I wrote a program which extracts text from PDF documents. But one PDF file is giving me empty texts. I can open the PDF file in Acrobat Reader and it works fine. My code works great with other PDF files, so I want to know what is causing this issue. I used PyPDF2 and pdfplumber, but same result. So there must be something wrong with the file: https://drive.google.com/file/d/1kNqWmf0zb_Q53WnKKZ817B7h9n5bRJ50/view?usp=sharing'
My Code
from PyPDF2 import PdfReader
reader = PdfReader("example.pdf")
for page in reader.pages:
text = page.extract_text()
print(text)
I do a lot more than just this. But its just a glimpse
CodePudding user response:
The PDF is made of images, and doesn't contain any text :)
Cheers
CodePudding user response:
You need to distinguish 3 types of pdf files:
- Digitally-created PDF (aka "pure" PDFs / Digitally-born PDFs): Was created via software like Microsoft Word, Latex,... Text from those files can be read with PyPDF2 / Pymupdf / Tika / Pdfium. The mistakes here are mostly around whitespaces / ligatures / font encodings / text linearization.

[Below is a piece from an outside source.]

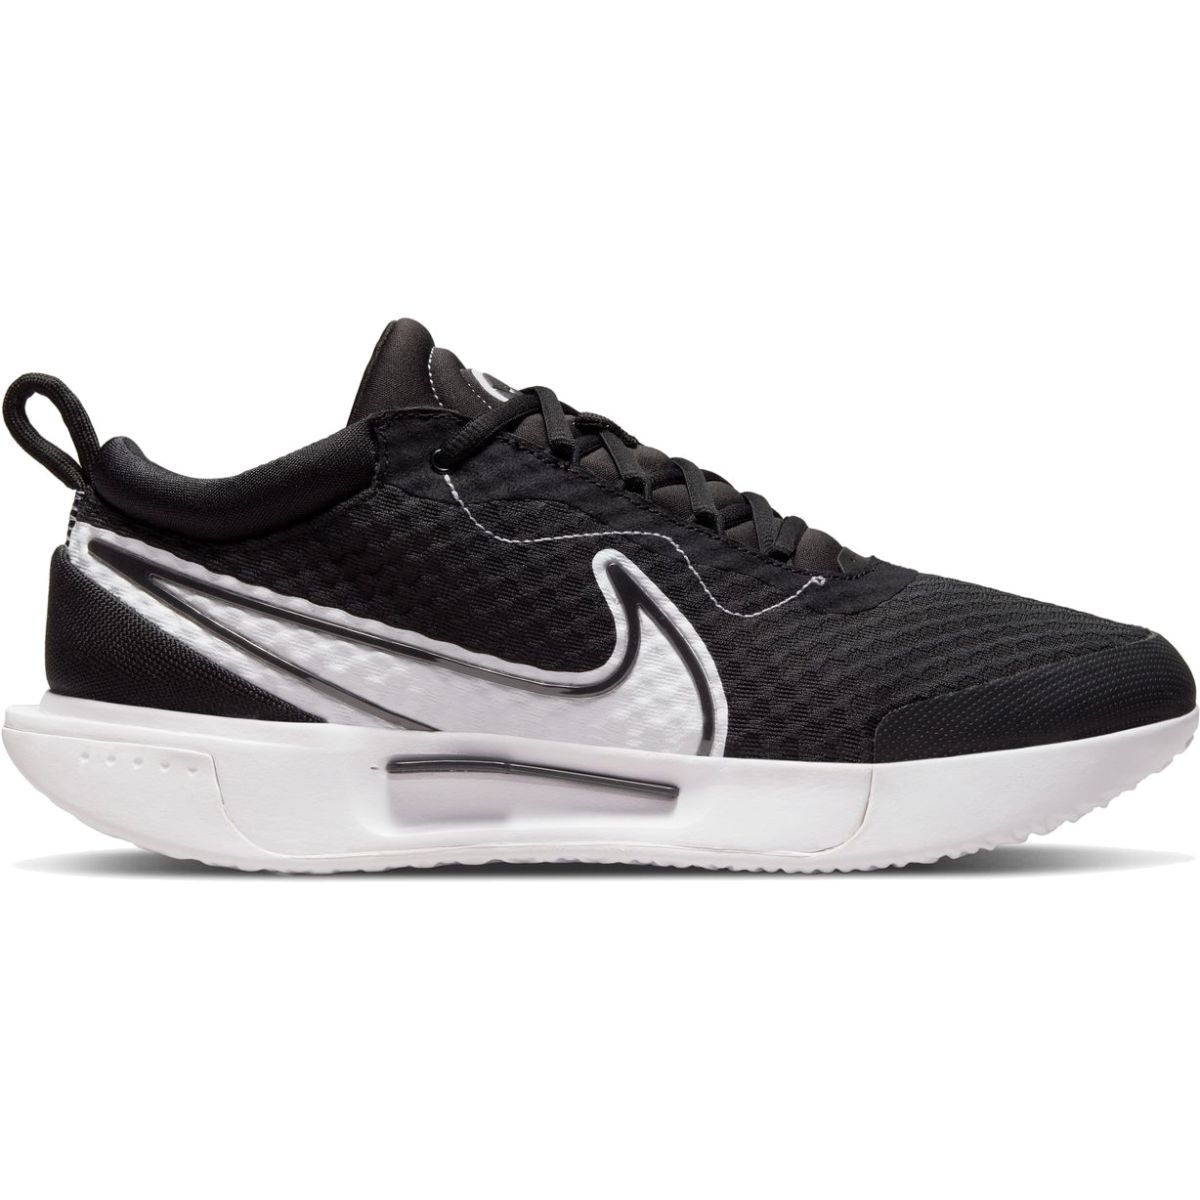 NikeCourt Zoom Pro Men's Tennis Shoes DH0618-010

- Scanned PDF: essentially those are just images. You need Optical Character Recognition (OCR) software like tesseract to read text from images. This is prone to mistakes like confusing similar looking characters such as o / O / 0
- OCRed PDFs (layered PDFs): the image is in the foreground, but a text layer is in the background. You can select and copy the text. PyPDF2 / Pymupdf / Tika / Pdfium can read the text in the background
Tesseract is Open Source and used e.g. by OCRmyPDF